On 05/05/2015 11:57 AM, Emre Hasegeli wrote: >> From my point of view as a reviewer this patch set is very close to being >> committable. > > Thank you. The new versions are attached. Nice, I think it is ready now other than the issues Alvaro raised in his review[1]. Have you given those any thought? Notes 1. http://www.postgresql.org/message-id/20150406211724.GH4369@alvh.no-ip.org Andreas
> Nice, I think it is ready now other than the issues Alvaro raised in his > review[1]. Have you given those any thought? I already replied his email [1]. Which issues do you mean? [1] http://www.postgresql.org/message-id/CAE2gYzxQ-Gk3q3jYWT=1eNLEbSgCgU28+1axML4oMCwjBkPuqw@mail.gmail.com
After looking at 05 again, I don't like the "same as %" business. Creating a whole new class of exceptions is not my thing, particularly not in a regression test whose sole purpose is to look for exceptional (a.k.a. "wrong") cases. I would much rather define the opclasses for those two datatypes using the existing @> operators rather than create && operators for this purpose. We can add a note to the docs, "for historical reasons the brin opclass for datatype box/point uses the <@ operator instead of &&", or something like that. AFAICS this is just some pretty small changes to patches 05 and 06. Will you please resubmit? I just pushed patch 01, and I'm looking at 04 next. -- Álvaro Herrera http://www.2ndQuadrant.com/ PostgreSQL Development, 24x7 Support, Remote DBA, Training & Services
Looking at patch 04, it seems to me that it would be better to have the OpcInfo struct carry the typecache struct rather than the type OID, so that we can avoid repeated typecache lookups in brin_deform_tuple; something like /* struct returned by "OpcInfo" amproc */ typedef struct BrinOpcInfo {/* Number of columns stored in an index column of this opclass */uint16 oi_nstored; /* Opaque pointer for the opclass' private use */void *oi_opaque; /* Typecache entries of the stored columns */TypeCacheEntry oi_typcache[FLEXIBLE_ARRAY_MEMBER]; } BrinOpcInfo; Looking into it now. -- Álvaro Herrera http://www.2ndQuadrant.com/ PostgreSQL Development, 24x7 Support, Remote DBA, Training & Services
Alvaro Herrera wrote: > Looking at patch 04, it seems to me that it would be better to have > the OpcInfo struct carry the typecache struct rather than the type OID, > so that we can avoid repeated typecache lookups in brin_deform_tuple; Here's the patch. -- Álvaro Herrera http://www.2ndQuadrant.com/ PostgreSQL Development, 24x7 Support, Remote DBA, Training & Services
Attachment
Can you please explain what is the purpose of patch 07? I'm not sure I understand; are we trying to avoid having to add pg_amproc entries for these operators and instead piggy-back on btree opclass definitions?

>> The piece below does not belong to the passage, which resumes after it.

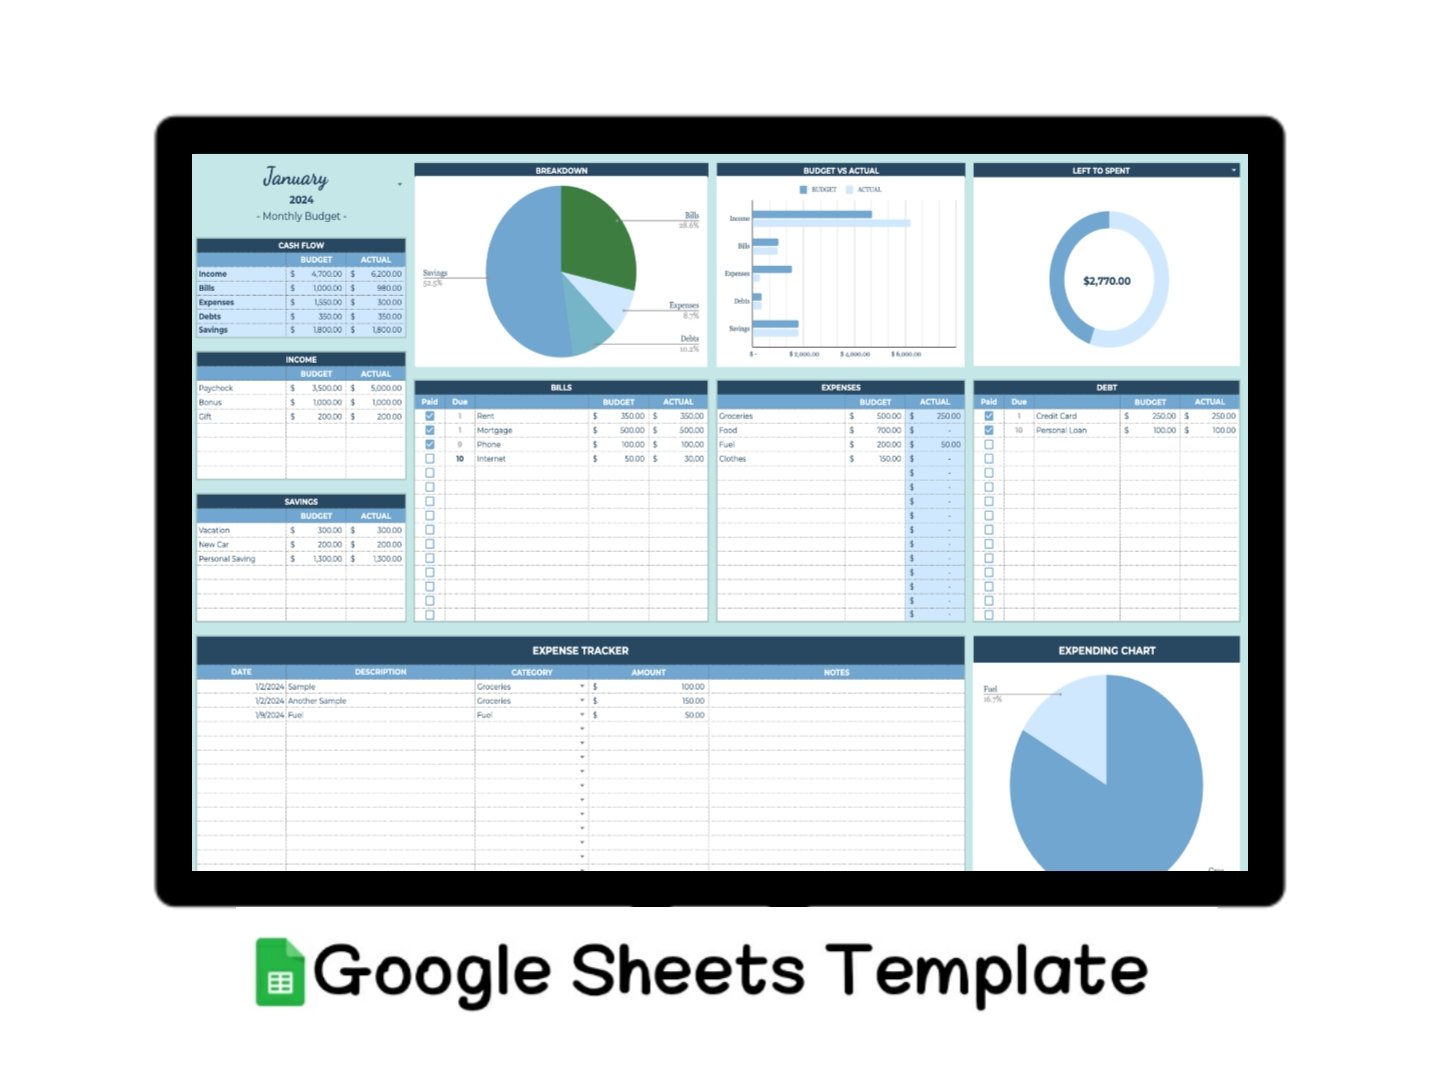 Monthly Budget Google Sheets Template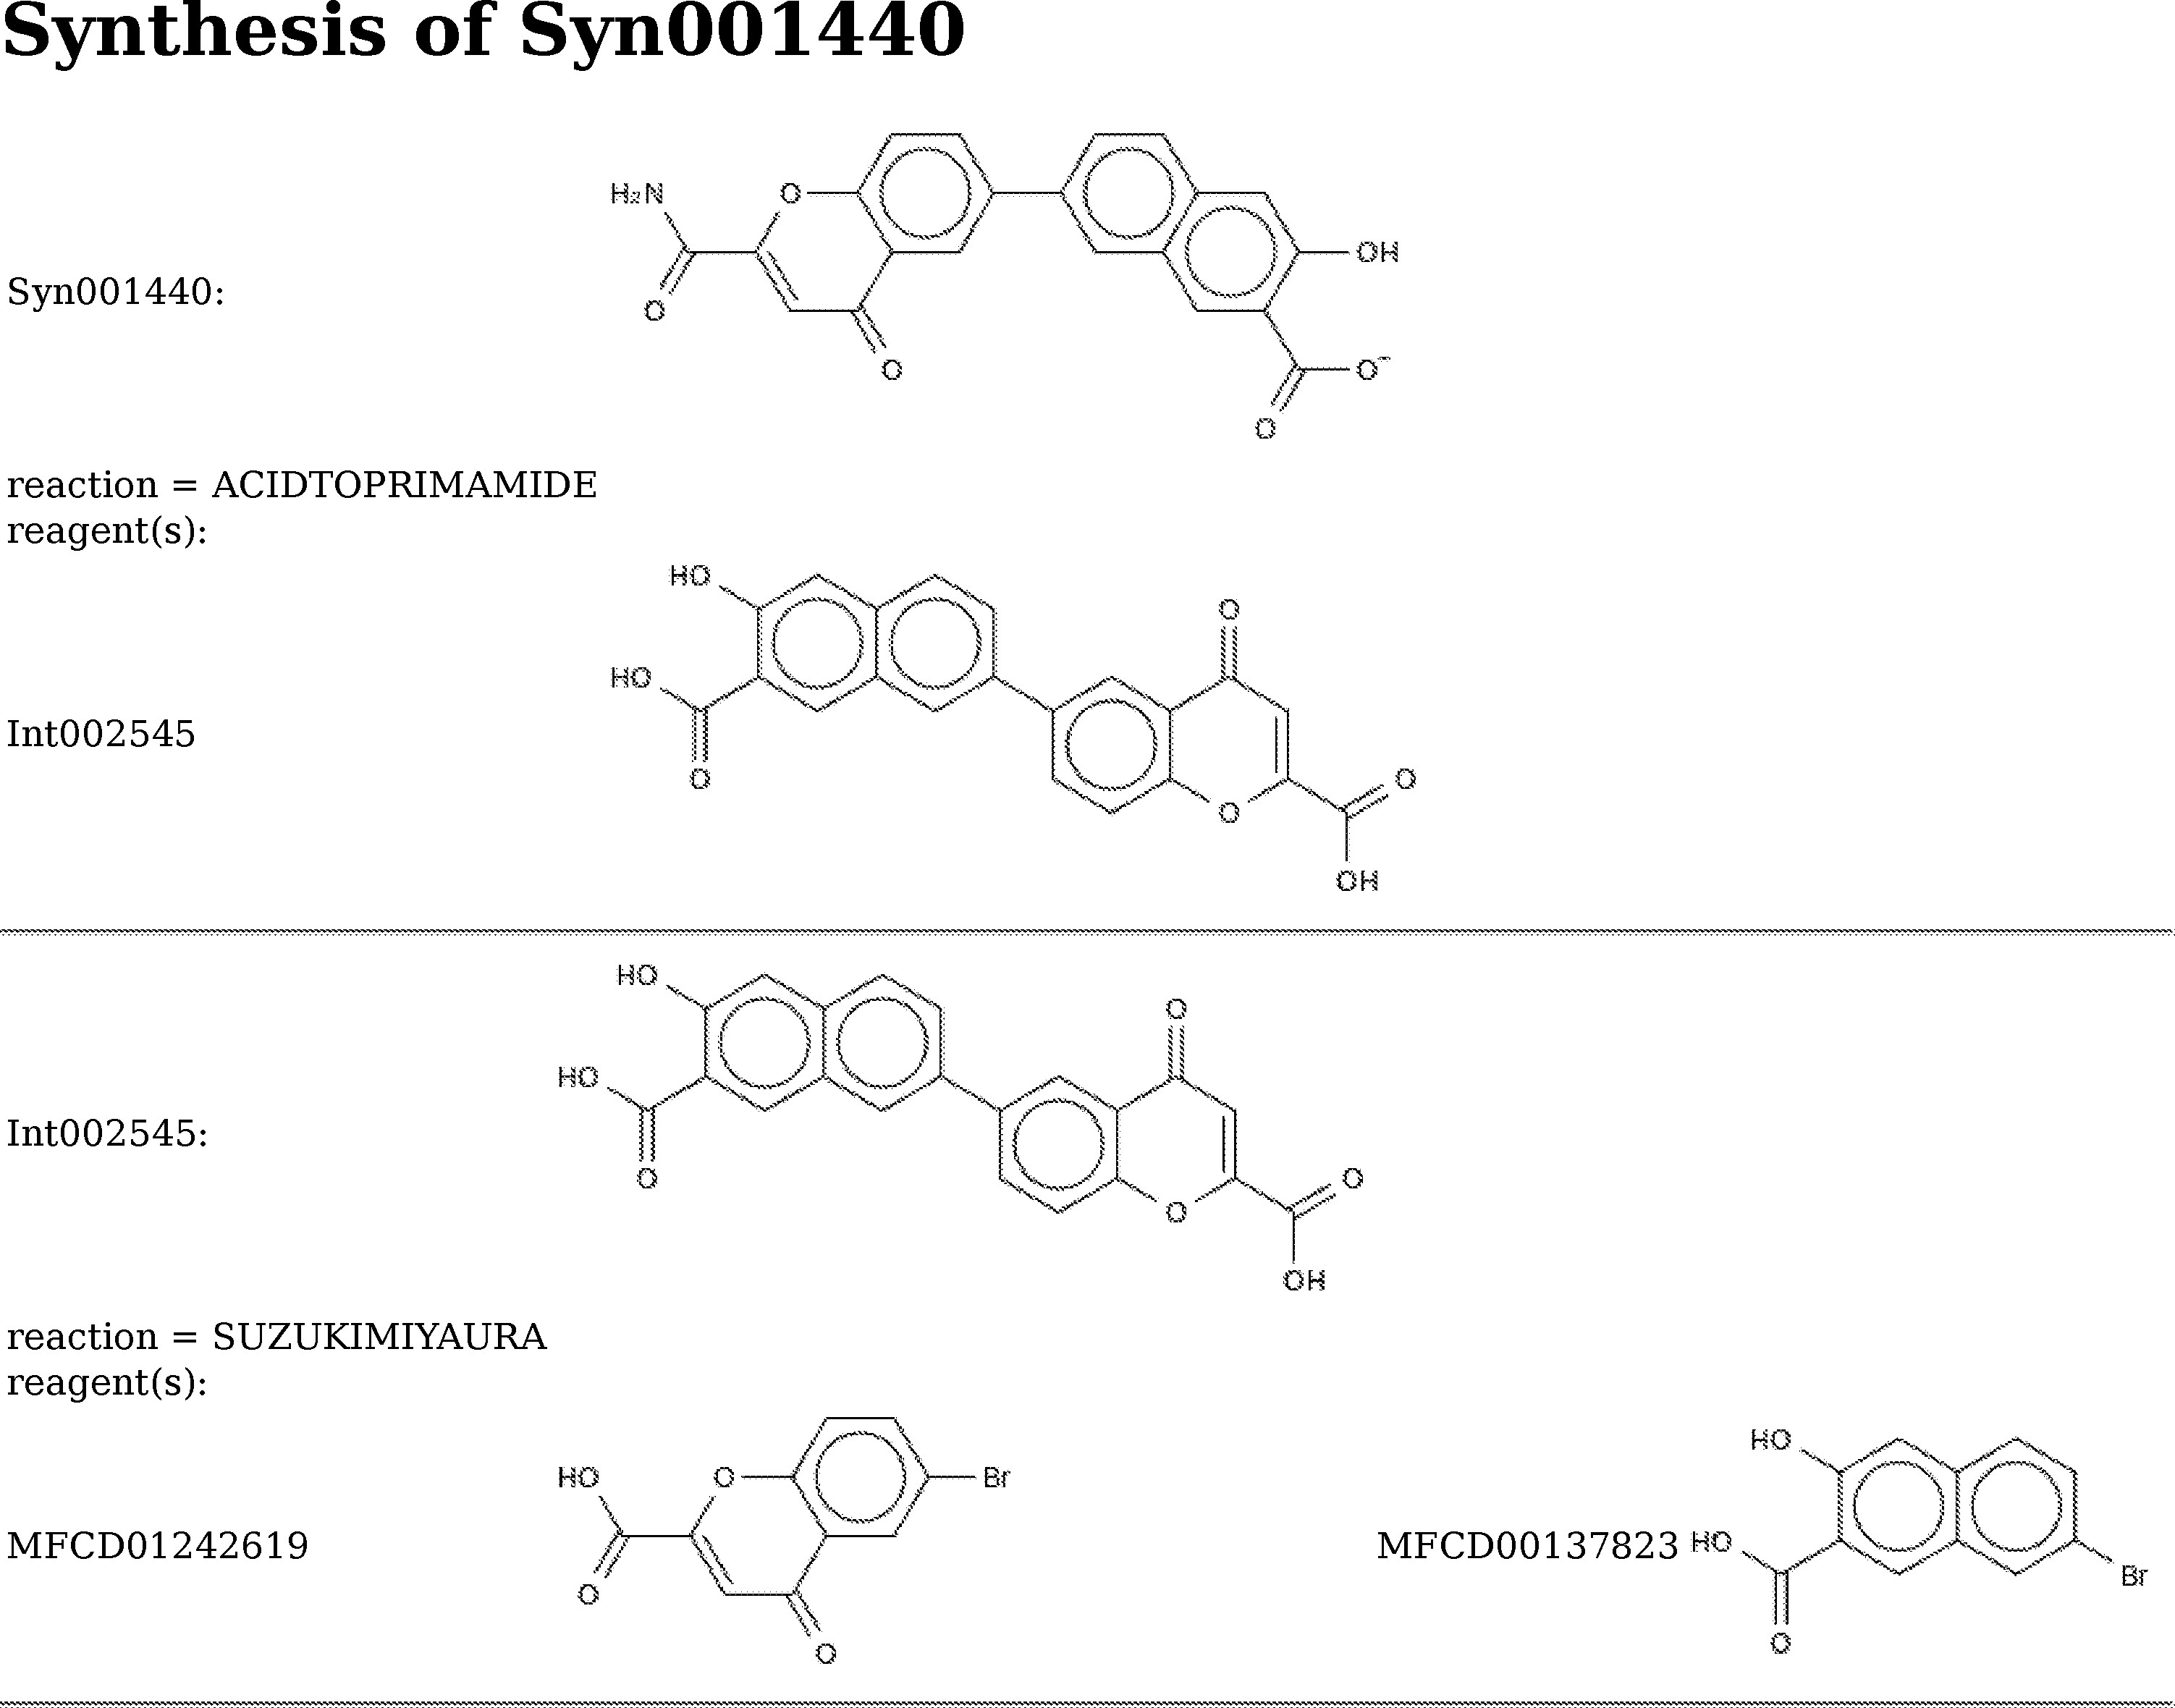 figure of Syn001440 synthesis, 2D

Not too much in love with that idea; I see that there is less tedium in that the brin opclass definition is simpler. One disadvantage is a 3x increase in the number of syscache lookups to get the function you need, unless I'm reading things wrong. Maybe this is not performance critical. Anyway I tried applying it on isolation, and found that it fails the assertion that tests the "union" support proc in brininsert. That doesn't seem okay. I mean, it's okay not to run the test for the inclusion opclasses, but why does it now fail in minmax which was previously passing? Couldn't figure it out. -- Álvaro Herrera http://www.2ndQuadrant.com/ PostgreSQL Development, 24x7 Support, Remote DBA, Training & Services
On 05/05/2015 01:10 PM, Emre Hasegeli wrote: > I already replied his email [1]. Which issues do you mean? Sorry, my bad please ignore the previous email. -- Andreas Karlsson
> Can you please explain what is the purpose of patch 07? I'm not sure I > understand; are we trying to avoid having to add pg_amproc entries for > these operators and instead piggy-back on btree opclass definitions? > Not too much in love with that idea; I see that there is less tedium in > that the brin opclass definition is simpler. One disadvantage is a 3x > increase in the number of syscache lookups to get the function you need, > unless I'm reading things wrong. Maybe this is not performance critical. It doesn't use btree opclass definitions. It uses brin opclass pg_amop entries instead of duplicating them in pg_amproc. The pg_amproc.h header says: > * The amproc table identifies support procedures associated with index > * operator families and classes. These procedures can't be listed in pg_amop > * since they are not the implementation of any indexable operator. In our case, these procedures can be listed in pg_amop as they are implementations of indexable operators. The more important change on this patch is to request procedures for the right data types. Minmax opclasses return wrong results without this patch. You can reproduce it with this query on the regression database: select * from brintest where timestampcol = '1979-01-29 11:05:09'::timestamptz; > Anyway I tried applying it on isolation, and found that it fails the > assertion that tests the "union" support proc in brininsert. That > doesn't seem okay. I mean, it's okay not to run the test for the > inclusion opclasses, but why does it now fail in minmax which was > previously passing? Couldn't figure it out. The regression tests passed when I tried it on the current master.
>> Looking at patch 04, it seems to me that it would be better to have >> the OpcInfo struct carry the typecache struct rather than the type OID, >> so that we can avoid repeated typecache lookups in brin_deform_tuple; > > Here's the patch. Looks better to me. I will incorporate with this patch.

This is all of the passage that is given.